# Not Quite Kitless Fountain Pen



## Schroedc (Jan 14, 2014)

So I woke up this morning and said to myself, "Self, You need a new fountain pen, but lets do something different".

The last few days I've been on a kick to make a few pens that deviate from the usual kits so I grabbed a couple pieces of acrylic and a kit for a Jr. Gent fountain pen I'd harvested a part or two out of for repairs a while ago. Taking the nib assembly, the two couplers and nothing else I came up with this. I cut the ring off the end of the cap coupler so it would slide up inside and sat down with a micrometer and my drill index, bored both halves to take the parts without tubes and blind ends on both the body and the cap. Used a drill bit in a jacobs chuck to support the pen parts while turning and polishing (I definitely need to invest in a full set of punches for the different sizes) and pressed in the two couplers nice and tight (Underbored just a hair) with a drop of epoxy to make sure it won't come apart.

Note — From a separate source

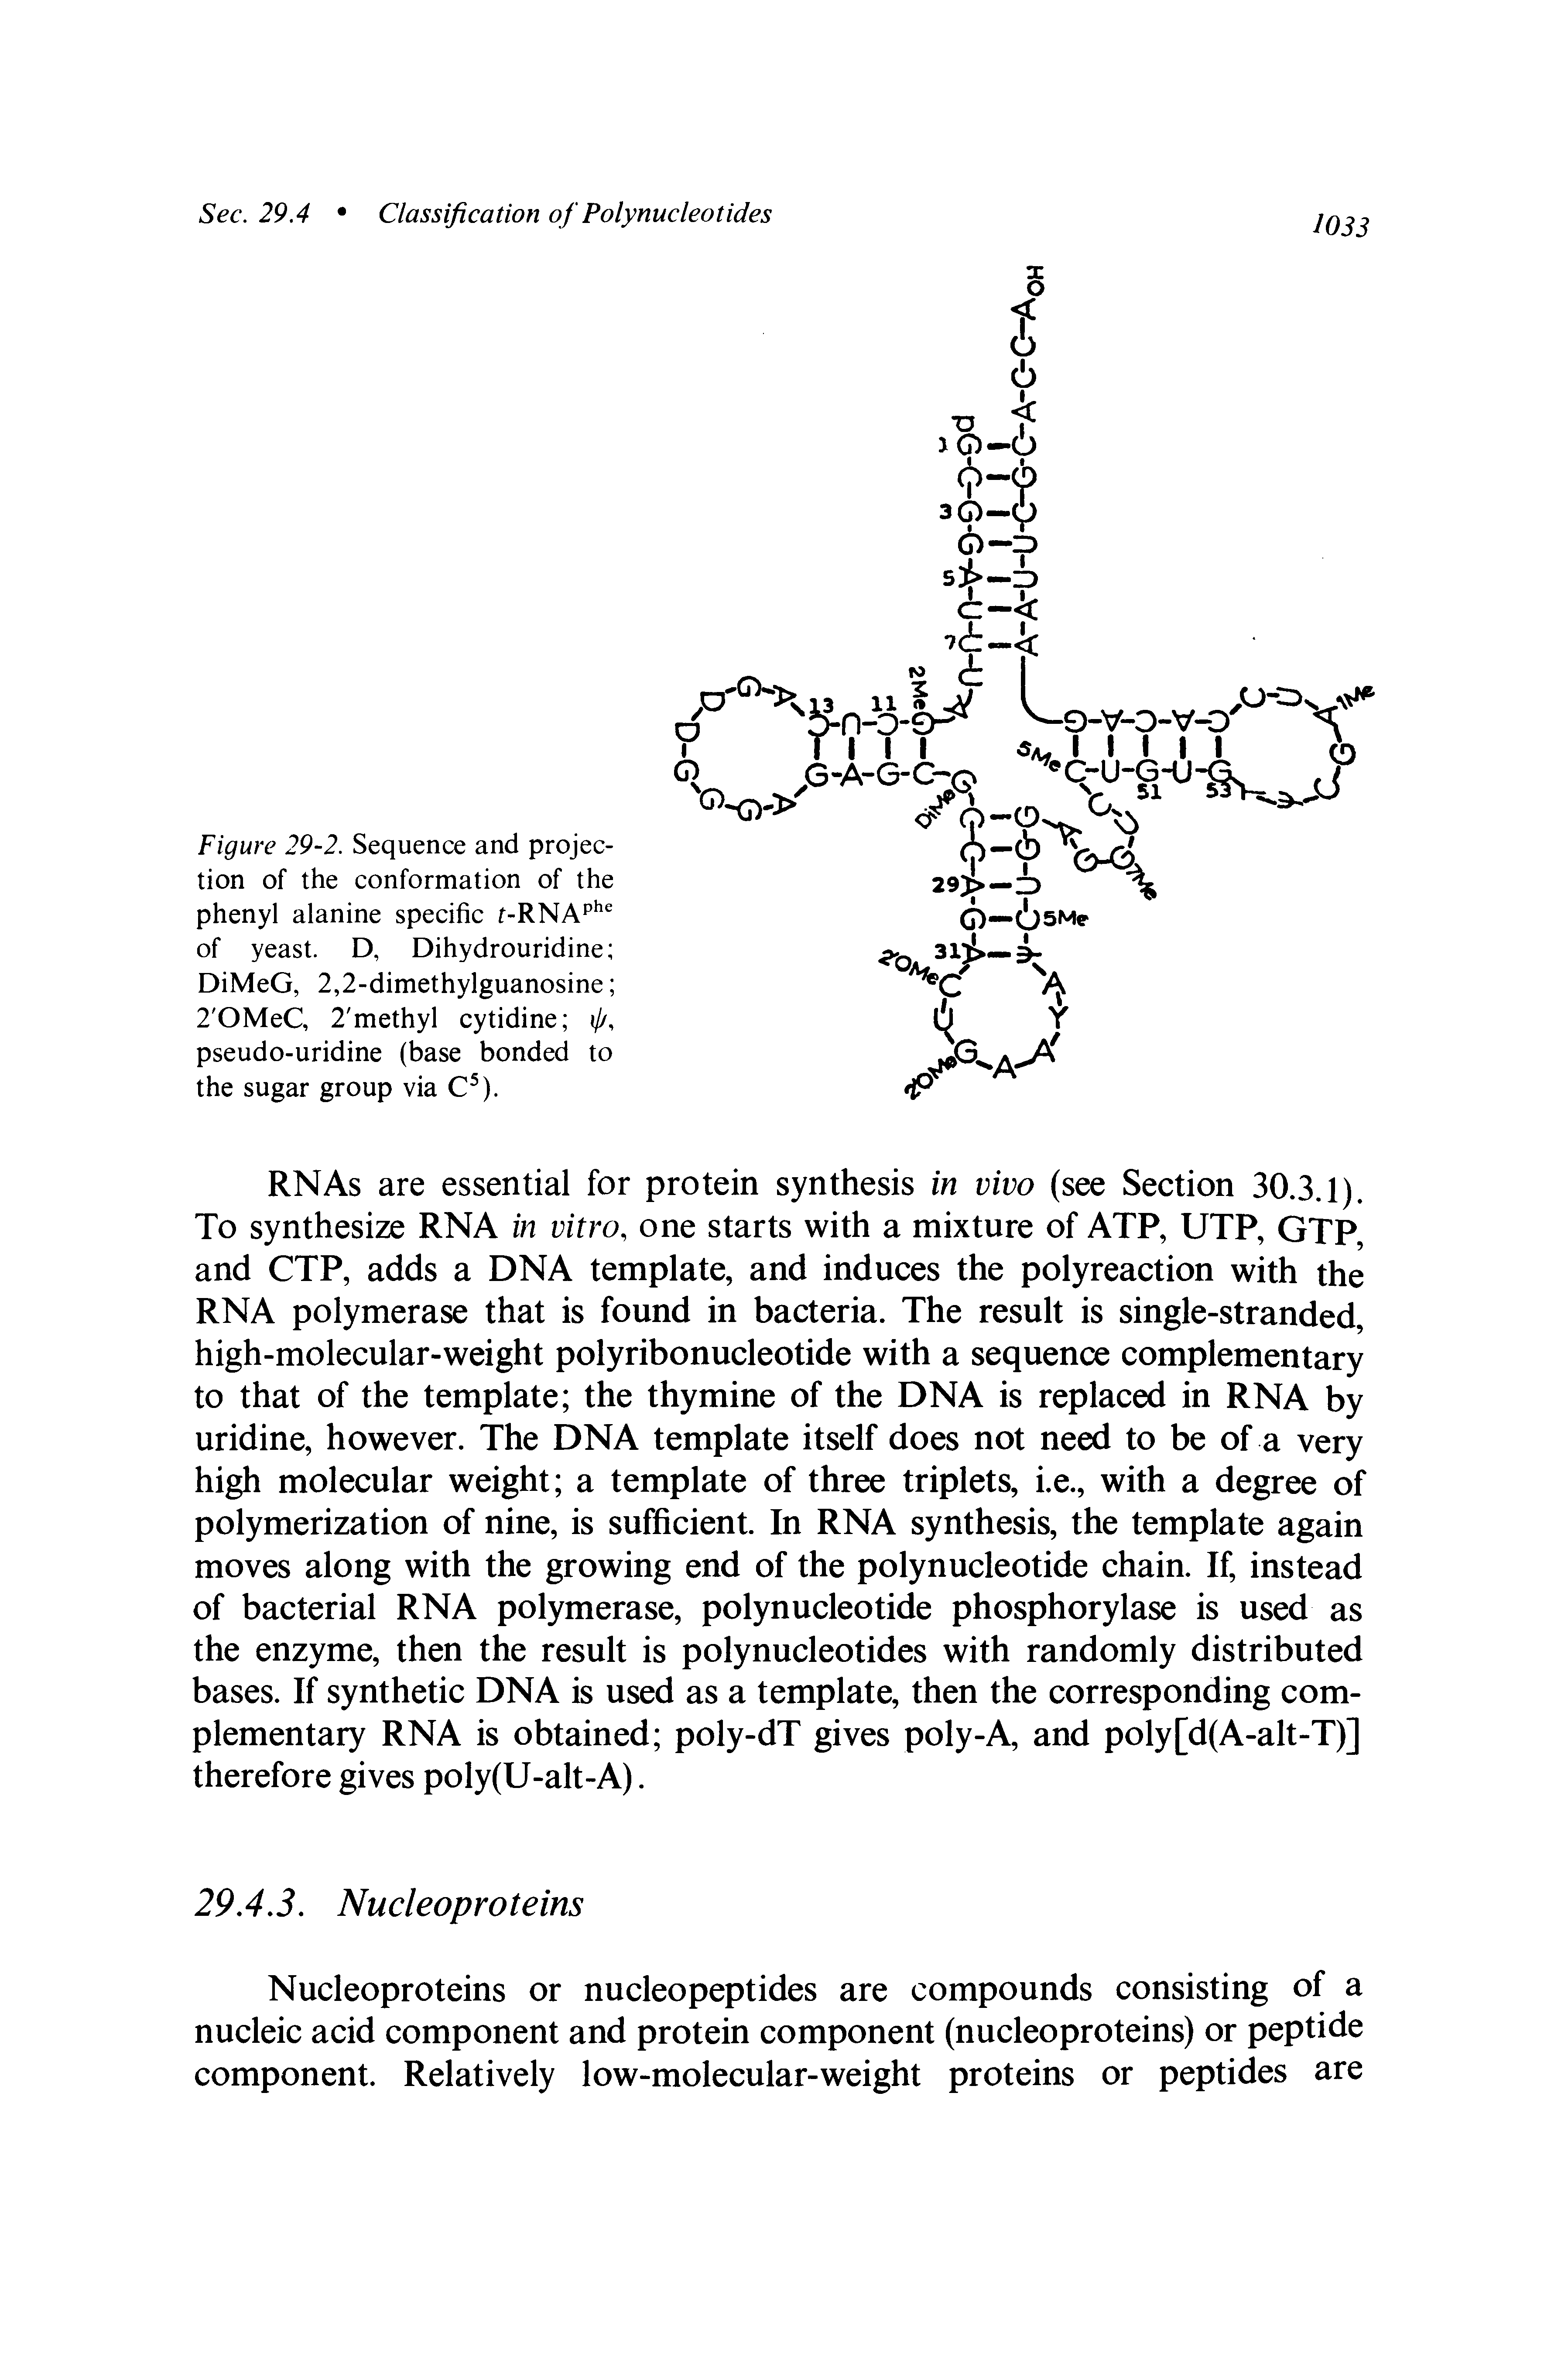 Figure 29-2. Sequence and projection of the conformation of the phenyl alanine specific f-RNAP " of yeast. D, Dihydrouridine DiMeG, 2,2-dimethylguanosine 2 OMeC, 2 methyl cytidine ij/, pseudo-uridine (base bonded to the sugar group via C ).
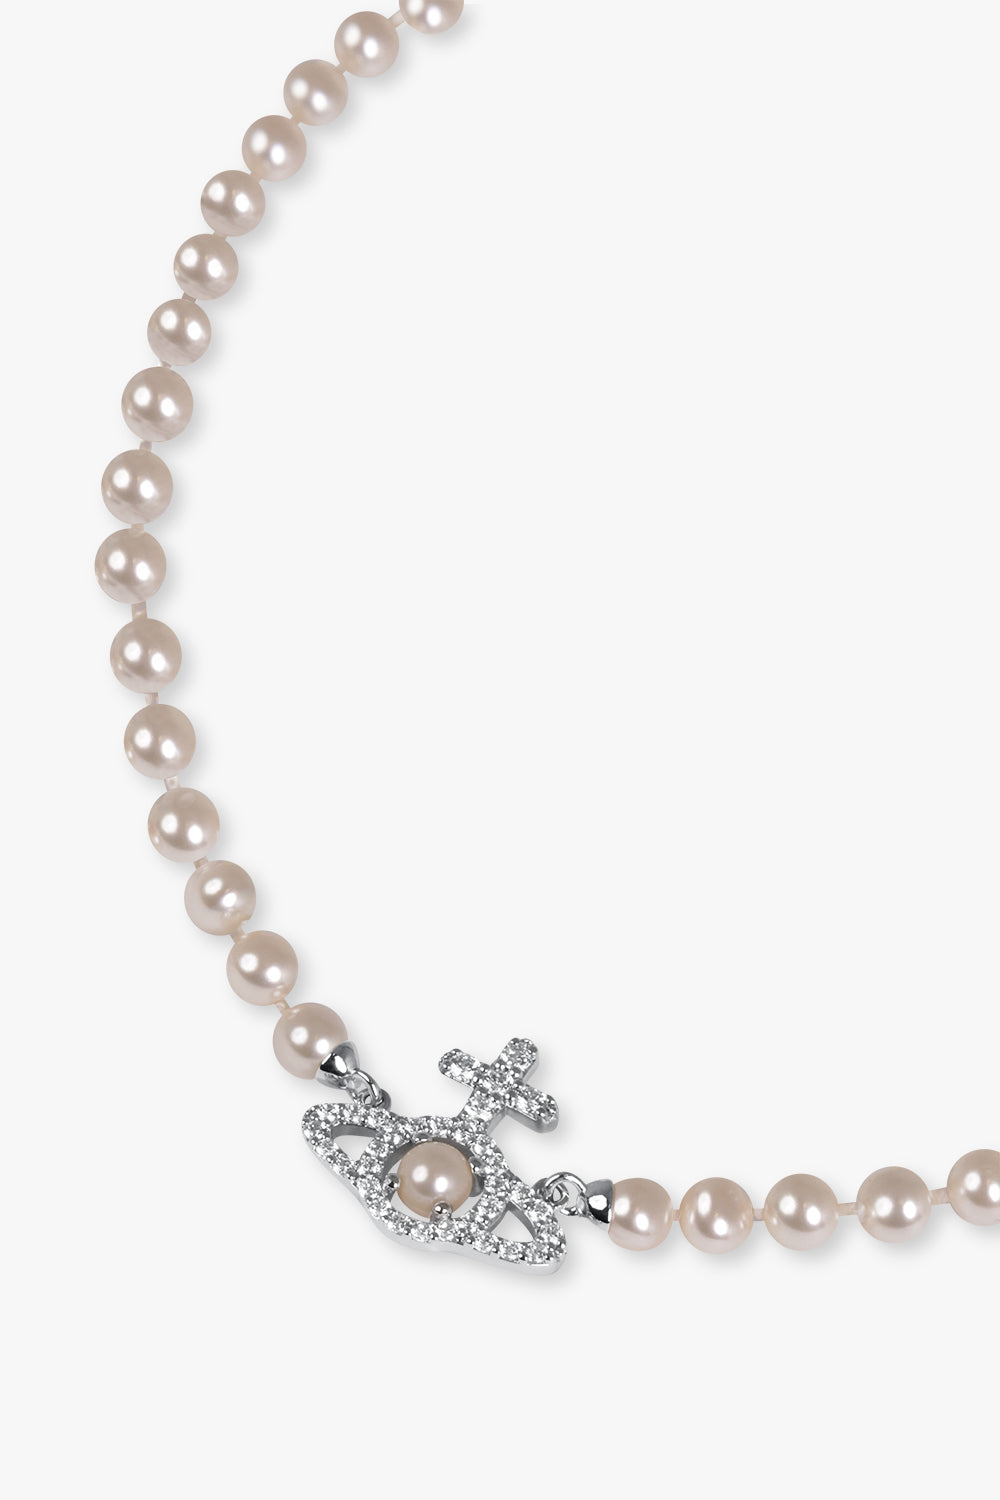 VIVIENNE WESTWOOD JEWELLERY Silver Olympia Pearl Necklace | Silver/Cream Rose Pearl

C and C welcome. (Please tell me if I missed a few easier ways to do this)

I'm thinking it's time to invest in a few taps and dies and dust off the Sherline Jewelers lathe.......

Reactions: Like 7


----------



## duncsuss (Jan 14, 2014)

Very nice ... there might be a shortcut here or there, but I don't want to encourage you to buy kits (even if you are doing it just to cannibalize them for the threaded couplings!)

If you want to buy nib sections (as opposed to making your own), I bought a couple from Berea Hardwoods From memory, the ones I bought required me to use a 10mm x 1.0 tap to cut threads into the barrel. Then I got the bug and started making the sections too, just buying in the nib & housing. (Yet another tap that I just had to buy ...)


----------



## Schroedc (Jan 14, 2014)

duncsuss said:


> Very nice ... there might be a shortcut here or there, but I don't want to encourage you to buy kits (even if you are doing it just to cannibalize them for the threaded couplings!)
> 
> If you want to buy nib sections (as opposed to making your own), I bought a couple from Berea Hardwoods From memory, the ones I bought required me to use a 10mm x 1.0 tap to cut threads into the barrel. Then I got the bug and started making the sections too, just buying in the nib & housing. (Yet another tap that I just had to buy ...)



Thanks for the encouragement, Yes, eventually I'd want to get away from any kit parts, I'll have to look into those sections as that might be a good first step. This was just an experiment to see if I could come up with something new and different


----------



## duncsuss (Jan 14, 2014)

Schroedc said:


> This was just an experiment to see if I could come up with something new and different



In my eyes, you succeeded

Reactions: Like 1


----------



## Wildthings (Jan 14, 2014)

Duncan can you show a picture of one of your sections


----------



## duncsuss (Jan 14, 2014)

Wildthings said:


> Duncan can you show a picture of one of your sections



I don't want to hijack Colin's thread ... I'll start a new one


----------



## rdabpenman (Jan 15, 2014)

Looks great from here.
Very nicely done.
Great looking blank too.

Les

Reactions: Like 1


----------